Data to examine

____________________

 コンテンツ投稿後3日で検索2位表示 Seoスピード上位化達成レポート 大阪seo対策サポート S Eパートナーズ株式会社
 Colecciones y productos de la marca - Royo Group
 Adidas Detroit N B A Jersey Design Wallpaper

____________________

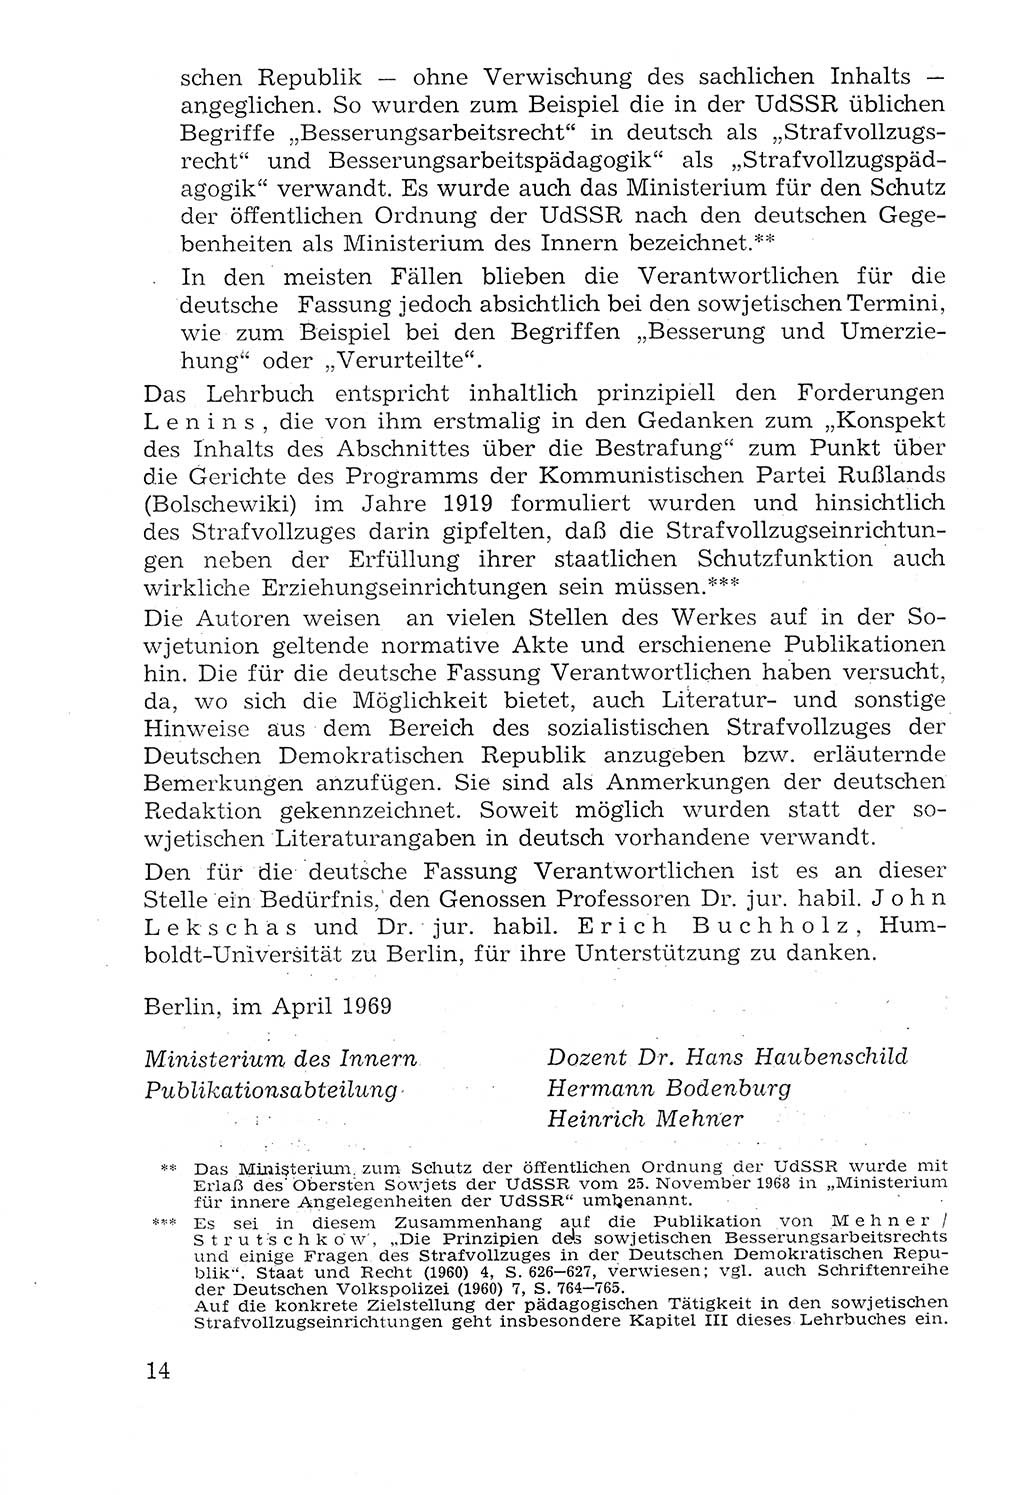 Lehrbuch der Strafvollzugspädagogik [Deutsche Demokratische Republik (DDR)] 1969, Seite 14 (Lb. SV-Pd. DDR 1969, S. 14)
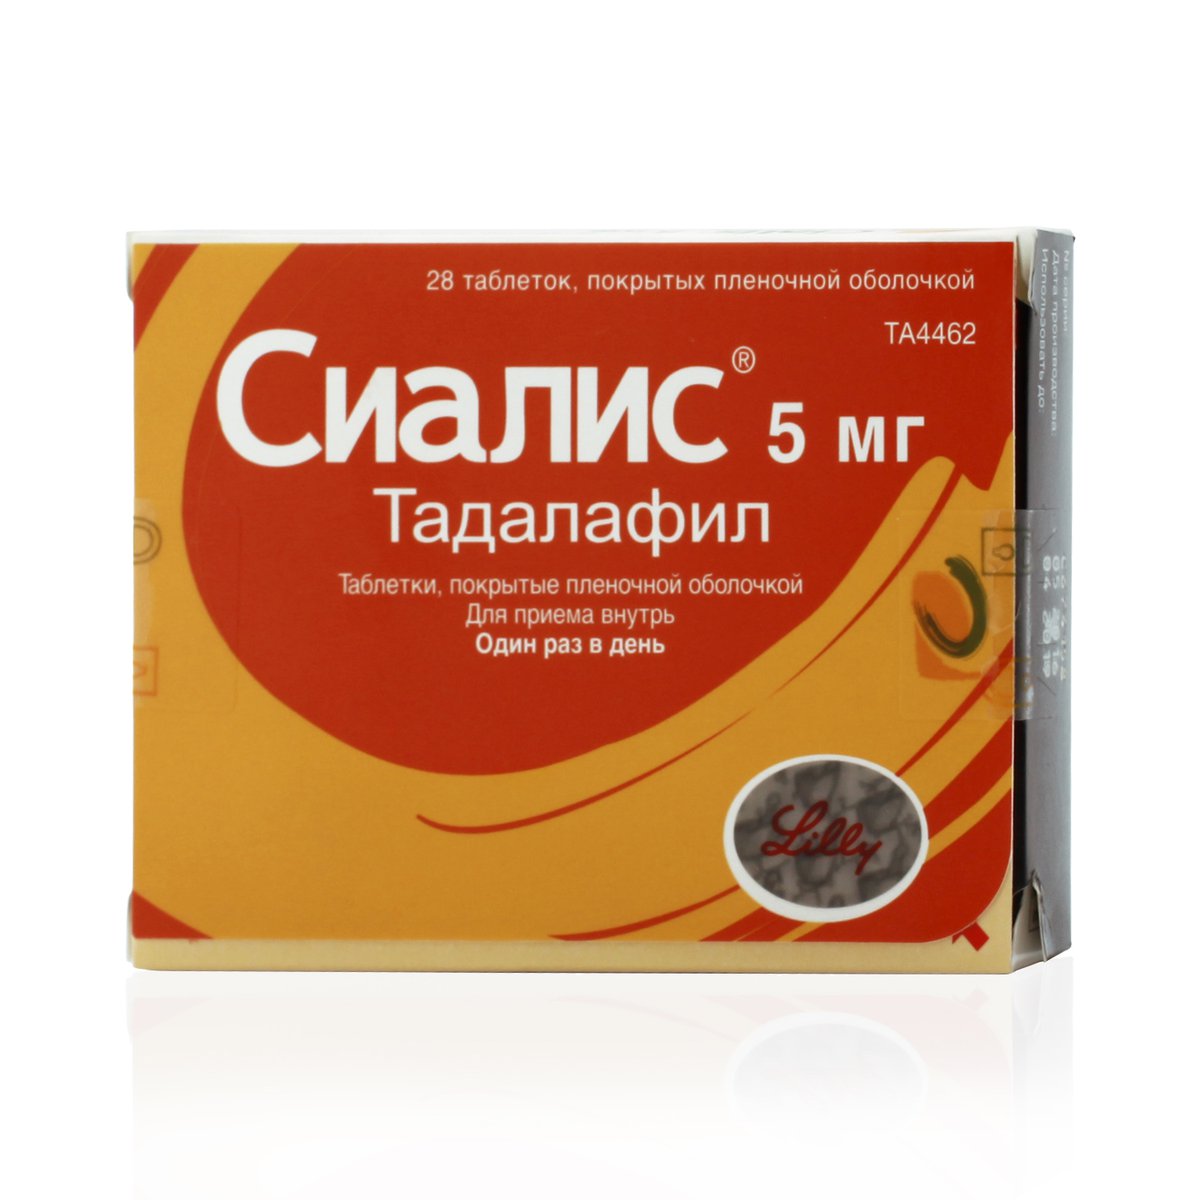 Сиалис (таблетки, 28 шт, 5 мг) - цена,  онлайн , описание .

____________________

What you have to do
From the material above, copy exactly the lines between the line holding "Colecciones y productos" and the line holding "Adidas Detroit N B A Jersey Design Wallpaper", inclusive, and only those.

Task solution
 Colecciones y productos de la marca - Royo Group
 Adidas Detroit N B A Jersey Design Wallpaper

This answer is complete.